Atrina is a cosmopolitan genus of bivalve molluscs belonging to the family Pinnidae.

A typical species is A. fragilis, found in British waters. A. rigida (Lightfoot, 1786) is found on the southeast coast of North America and in the West Indies. The type species is A. nigra (Dillwyn, 1817, originally P. nigra).

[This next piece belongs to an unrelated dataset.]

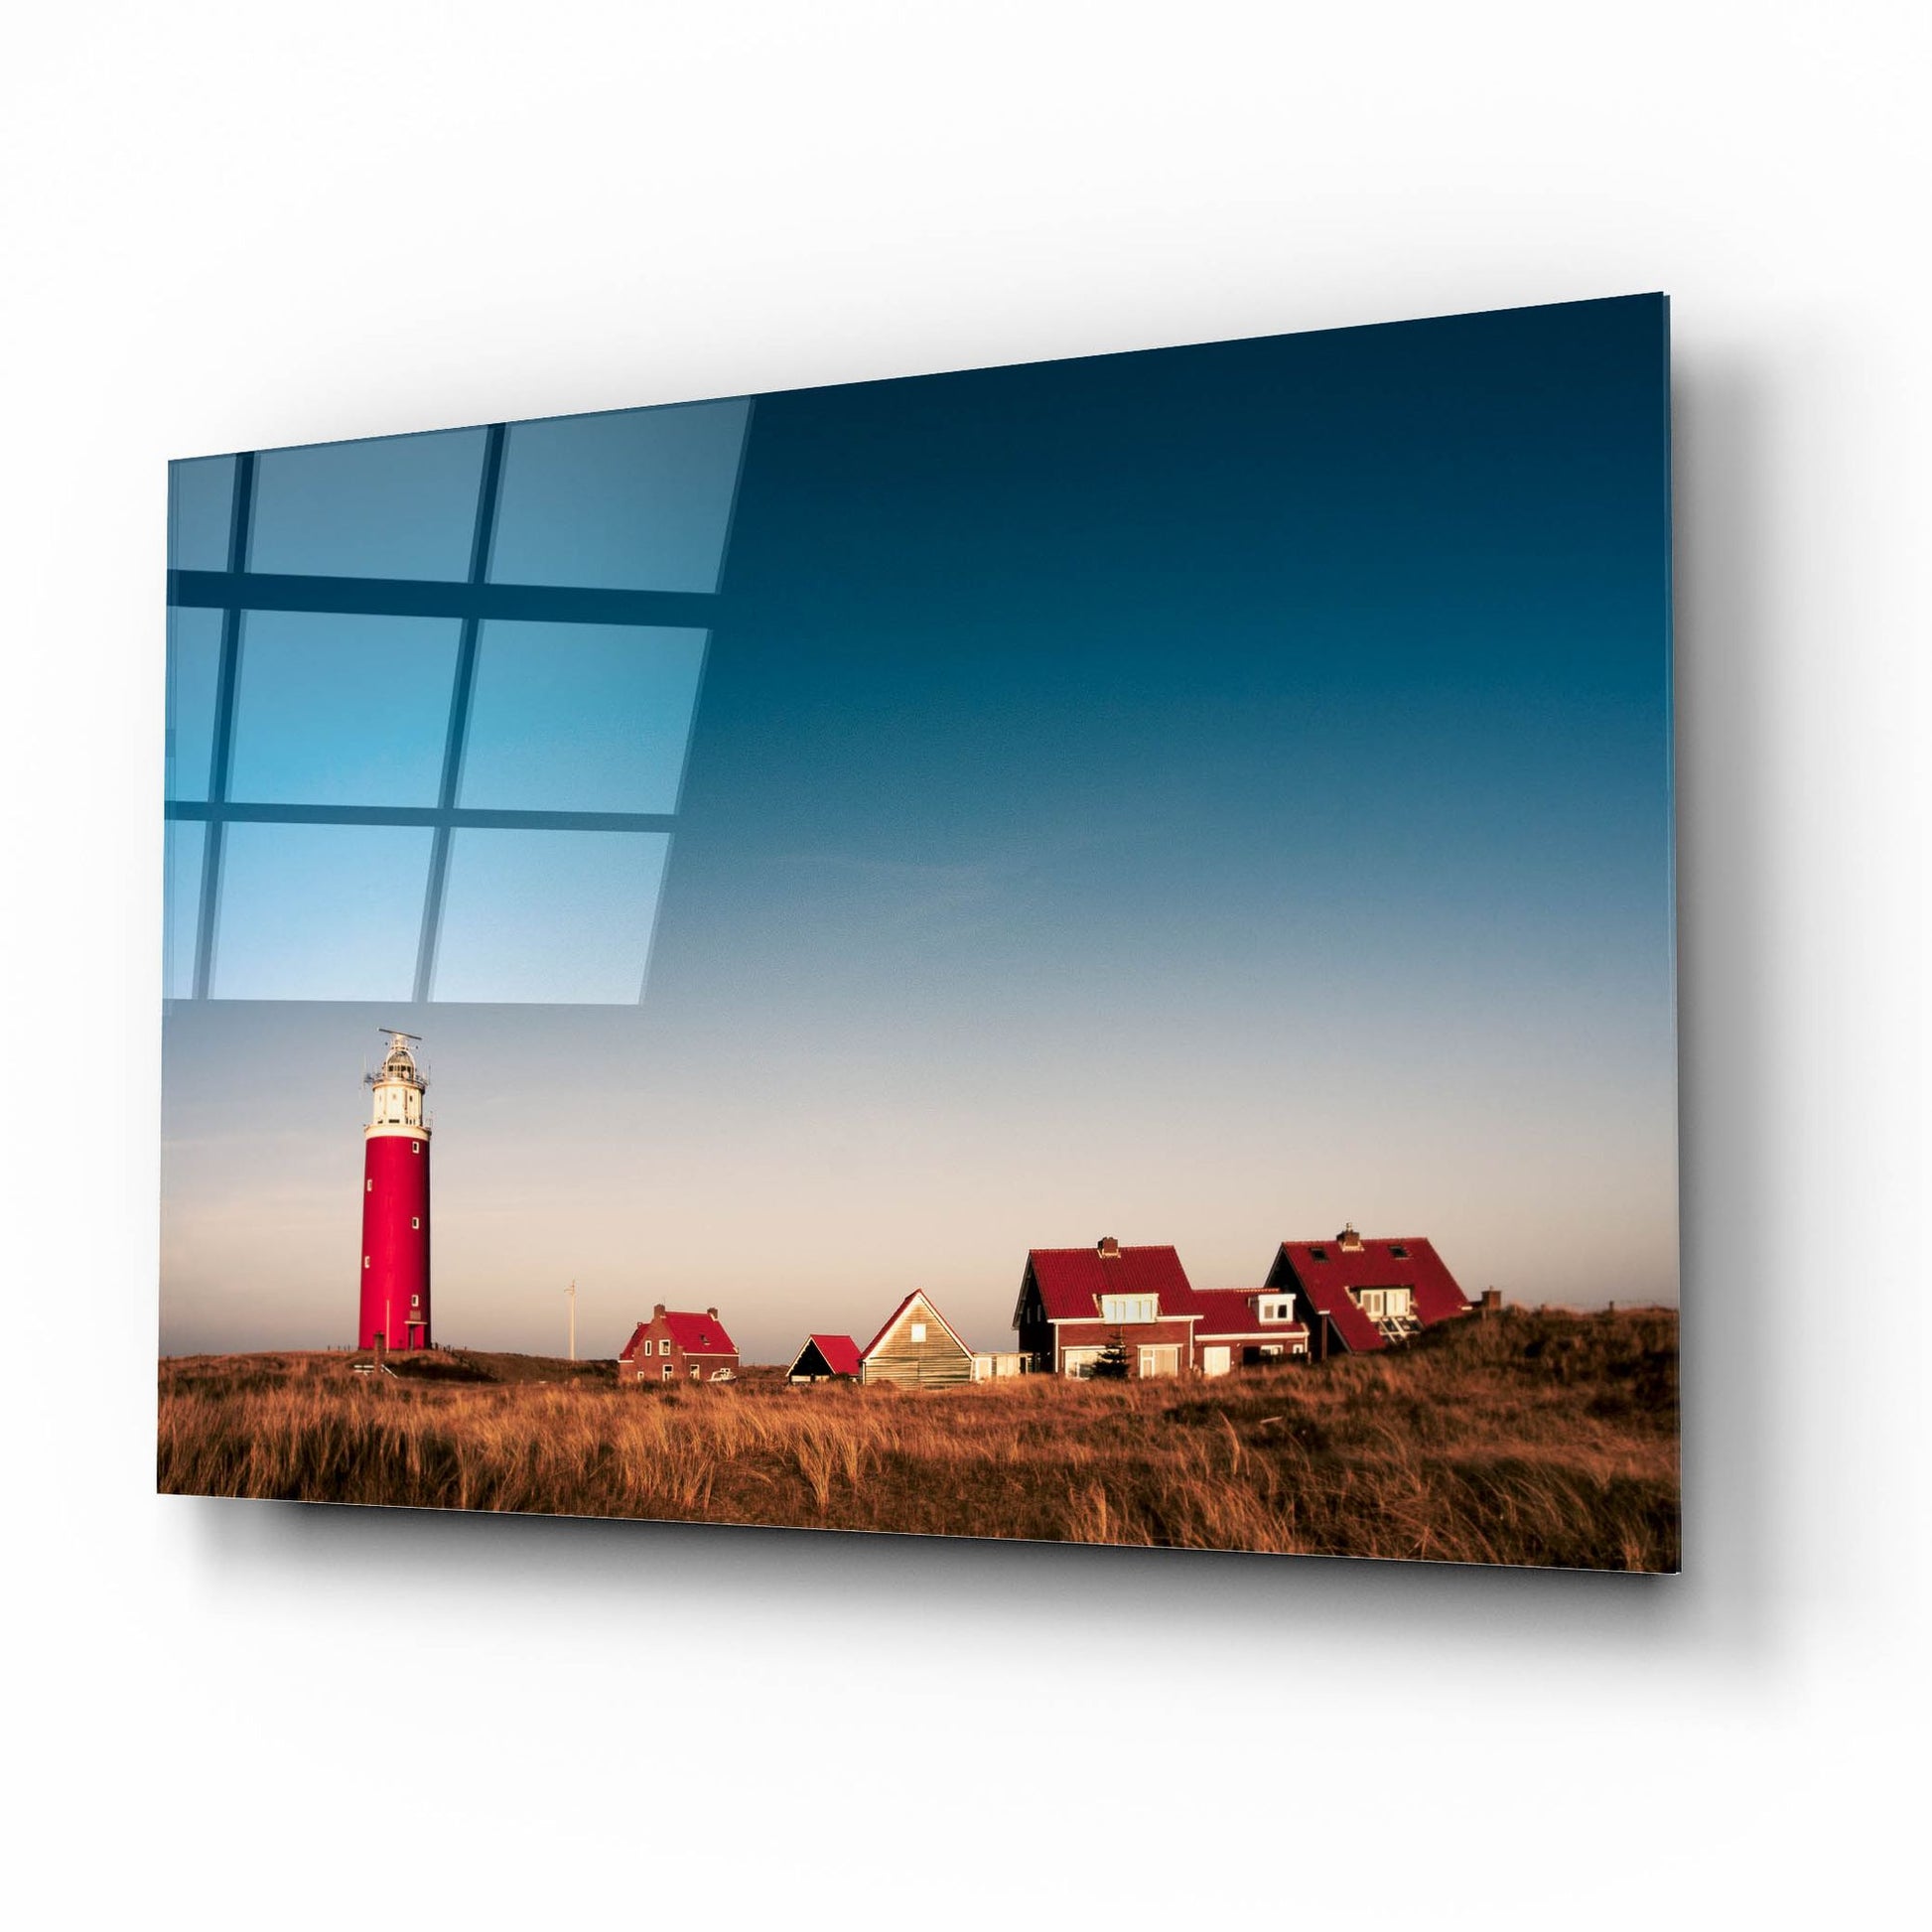 Epic Art 'Texel Lighthouse' by Istvan Nagy, Acrylic Glass Wall Art,16x12

Atrina is considered to represent the more primitive form within the Pinnidae; however, both genera Pinna and Atrina are very ancient. The genus Atrina is represented within the fossil record from the Triassic period to the Quaternary period (age range: 242.0 to 0.0 million years ago). These fossils have been found all over the world.

==Description==
Molluscs within this genus are characterized by elongated, wedge-shaped shells, distinguished from the genus Pinna by the lack of any grooves in the nacreous lining of the shell, and by the central positioning of the adductor scar.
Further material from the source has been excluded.